> **Exercise**
Please set down the line that contains "Giovanni Gariboldi ( 1908-1971" and every line below it through the last, exactly as written, with no other lines.

> **Data to process**
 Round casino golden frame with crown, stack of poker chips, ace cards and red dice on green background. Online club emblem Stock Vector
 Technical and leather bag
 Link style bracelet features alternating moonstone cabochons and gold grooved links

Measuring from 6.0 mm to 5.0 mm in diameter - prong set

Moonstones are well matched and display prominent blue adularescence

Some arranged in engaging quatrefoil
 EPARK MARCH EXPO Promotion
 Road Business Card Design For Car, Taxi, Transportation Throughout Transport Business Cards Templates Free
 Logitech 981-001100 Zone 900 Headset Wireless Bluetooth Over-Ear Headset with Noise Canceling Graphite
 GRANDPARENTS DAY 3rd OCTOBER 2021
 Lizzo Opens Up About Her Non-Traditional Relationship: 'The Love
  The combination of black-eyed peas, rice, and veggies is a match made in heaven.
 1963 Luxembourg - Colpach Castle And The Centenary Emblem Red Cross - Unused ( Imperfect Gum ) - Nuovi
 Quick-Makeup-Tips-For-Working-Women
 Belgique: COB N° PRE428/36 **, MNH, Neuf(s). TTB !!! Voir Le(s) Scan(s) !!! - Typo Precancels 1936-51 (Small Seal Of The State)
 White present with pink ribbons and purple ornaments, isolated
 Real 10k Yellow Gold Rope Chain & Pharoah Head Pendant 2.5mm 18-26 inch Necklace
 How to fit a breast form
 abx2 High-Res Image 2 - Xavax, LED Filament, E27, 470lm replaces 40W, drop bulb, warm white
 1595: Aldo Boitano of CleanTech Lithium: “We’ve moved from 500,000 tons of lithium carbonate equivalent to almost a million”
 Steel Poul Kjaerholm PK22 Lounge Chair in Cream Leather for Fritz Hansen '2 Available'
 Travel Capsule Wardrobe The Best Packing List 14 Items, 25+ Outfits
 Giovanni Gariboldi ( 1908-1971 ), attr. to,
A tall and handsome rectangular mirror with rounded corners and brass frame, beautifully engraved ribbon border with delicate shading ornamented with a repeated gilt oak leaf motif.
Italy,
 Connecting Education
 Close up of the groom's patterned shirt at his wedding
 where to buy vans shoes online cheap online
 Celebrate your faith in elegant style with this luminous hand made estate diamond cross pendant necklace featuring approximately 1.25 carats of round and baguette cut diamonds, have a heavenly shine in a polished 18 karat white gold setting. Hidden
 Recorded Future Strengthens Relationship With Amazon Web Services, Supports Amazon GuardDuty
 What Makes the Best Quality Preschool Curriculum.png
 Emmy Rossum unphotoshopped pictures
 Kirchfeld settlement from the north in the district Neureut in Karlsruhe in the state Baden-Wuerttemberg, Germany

> **Task solution**
 Giovanni Gariboldi ( 1908-1971 ), attr. to,
A tall and handsome rectangular mirror with rounded corners and brass frame, beautifully engraved ribbon border with delicate shading ornamented with a repeated gilt oak leaf motif.
Italy,
 Connecting Education
 Close up of the groom's patterned shirt at his wedding
 where to buy vans shoes online cheap online
 Celebrate your faith in elegant style with this luminous hand made estate diamond cross pendant necklace featuring approximately 1.25 carats of round and baguette cut diamonds, have a heavenly shine in a polished 18 karat white gold setting. Hidden
 Recorded Future Strengthens Relationship With Amazon Web Services, Supports Amazon GuardDuty
 What Makes the Best Quality Preschool Curriculum.png
 Emmy Rossum unphotoshopped pictures
 Kirchfeld settlement from the north in the district Neureut in Karlsruhe in the state Baden-Wuerttemberg, Germany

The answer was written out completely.